Difference from last entry: – (new starting point)
When you first start losing weight, everything is great. However, you lose weight far too fast to really be able to keep it off. There are a number of factors that might contribute to this. Mine was losing weight through the SlimFast diet. I was shedding pounds at a rate of four or five a week. (Healthy weightloss is between one and two pounds per week).
After the wonderful start and the drastic weight loss, old habits start to creep in. As they do, the person begins to regain the weight. After a certain amount of weight has been regained, the person tries going back to the diet that allowed them to lose weight so quickly before. But this time it is much harder to lose weight.
The person gets discouraged, and reverts back to the old habits. The person’s weight starts going up quickly. The person might try dieting one or two more times, but eventually they give up. More often than not, they weigh more before when they started dieting.
When I first posted the above quote, I never thought that I would be living it again. And yet, that is exactly what I have done. This quote, which I first published in these pages when I started this journal in 1997, could be a script for what I have lived through the last couple of years. This is not a good thing.
I am fairly certain that I have never weighed over 300 pounds in my life. (I can’t be 100 percent sure; there were quite a few years when I refused to go near a scale, for fear of what it would say.) Now I am well above the 300 pound mark.

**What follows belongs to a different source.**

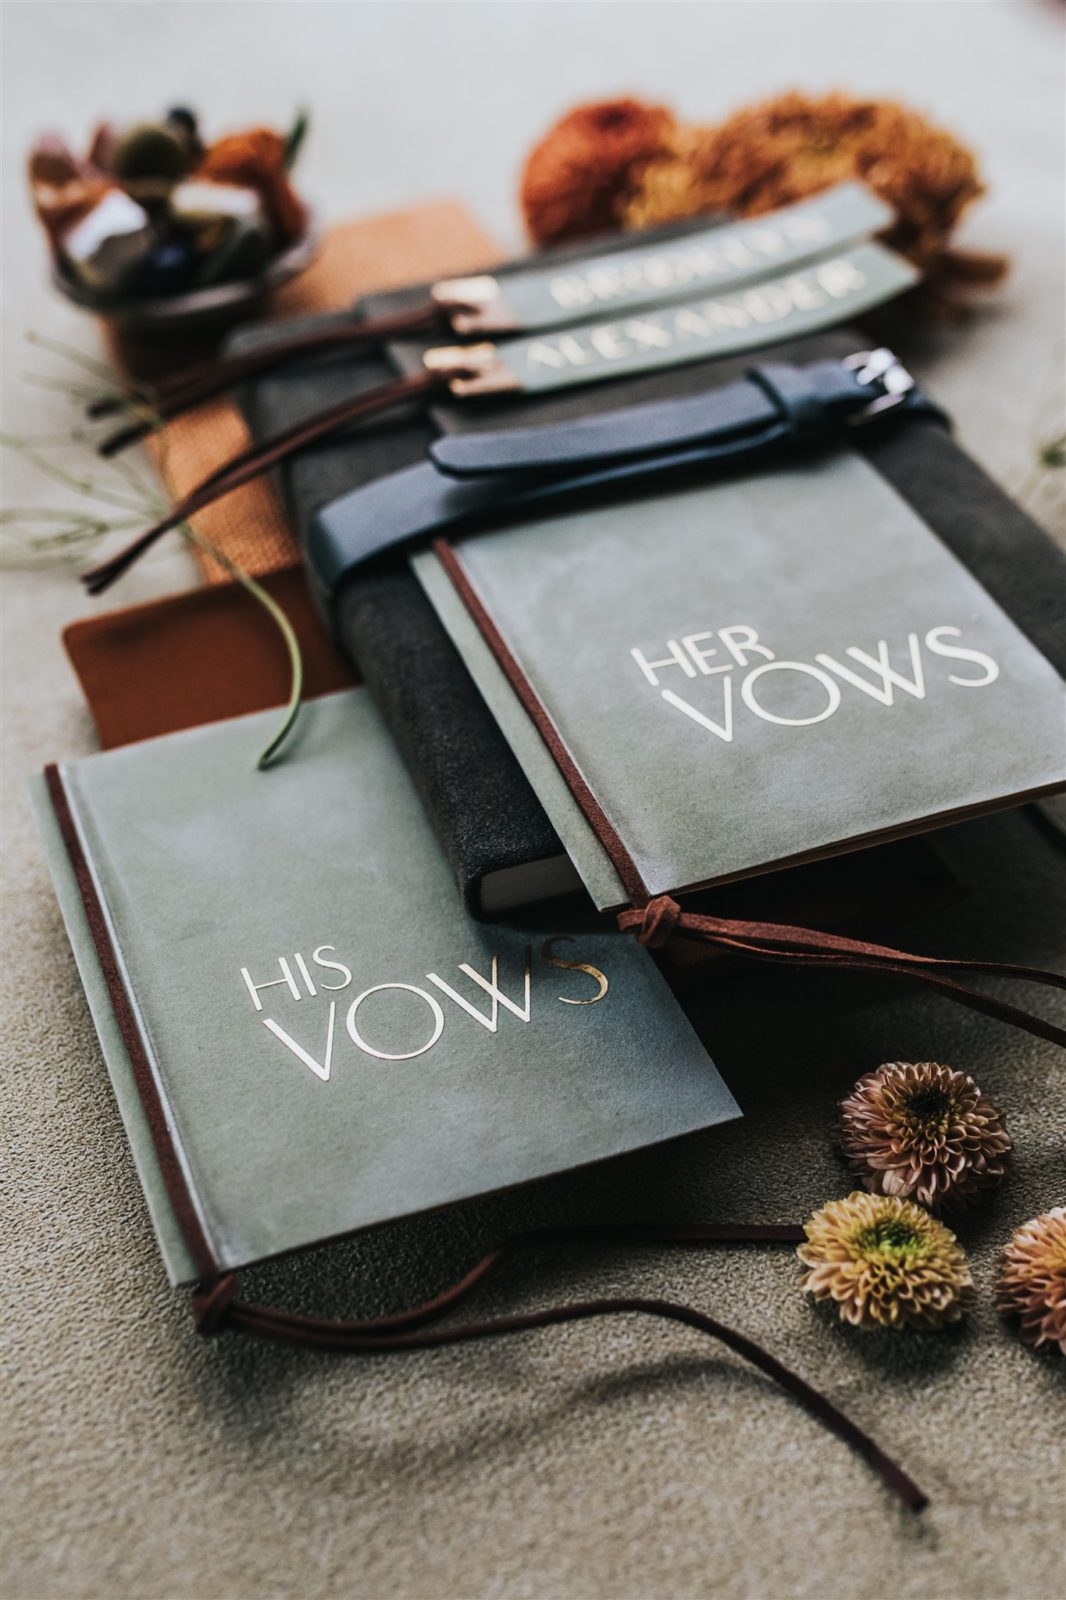 Textured his and her vow booklets for a moody fall wedding

Why? What caused me to gain back not just what I lost, but an extra 15 pounds to go on top of that?
I think I am going to spend the next few weeks trying to determine exactly what caused this slip in my self control. What caused me to give in so completely to my old habits. Every single one of the bad habits I have written about in this journal are back, and back with a vengance. When was it that I completely lost control? That’s another point I’ll be examining in this journal.
It is now time to try to get back into the swing of things. Over the last 18 months or so, I’ve learned that I can’t just blindly jump into a weight management program and expect it to work. I have to do this with both eyes open. I have to prepare myself for this, mentally and physically. This is also a theme that I’ll be examining over the next few weeks in this journal.
This week’s entry is more of a starting point than anything else. I am putting myself on alert; I cannot afford to gain any more weight. I am in prime heart attack shape right now; I don’t want to be a heart attack victim! I need to gain control of my weight, both mentally and physically. I need to stop being such a slave to food. I need to make changes now. Not tomorrow, but now.
As for those of you who still read this journal, first, thank you for not giving up on me! It’s been eight months since the last journal update. I cannot beleive that you still stop by! [grin] Hopefully, you will be able to use what I have done to myself as an example of what NOT to do. And maybe, just maybe, we can start down the road to healthiness together.
Lao Tzu, the man credited with writing the most ancient Taoist text, the Tao Te Ching, writes that a journey of a thousand miles begins with a single step. This journal entry, my friends, is my first step. I am starting down the road of a thousand miles (or, in this case, of 100 pounds). I hope you will join me!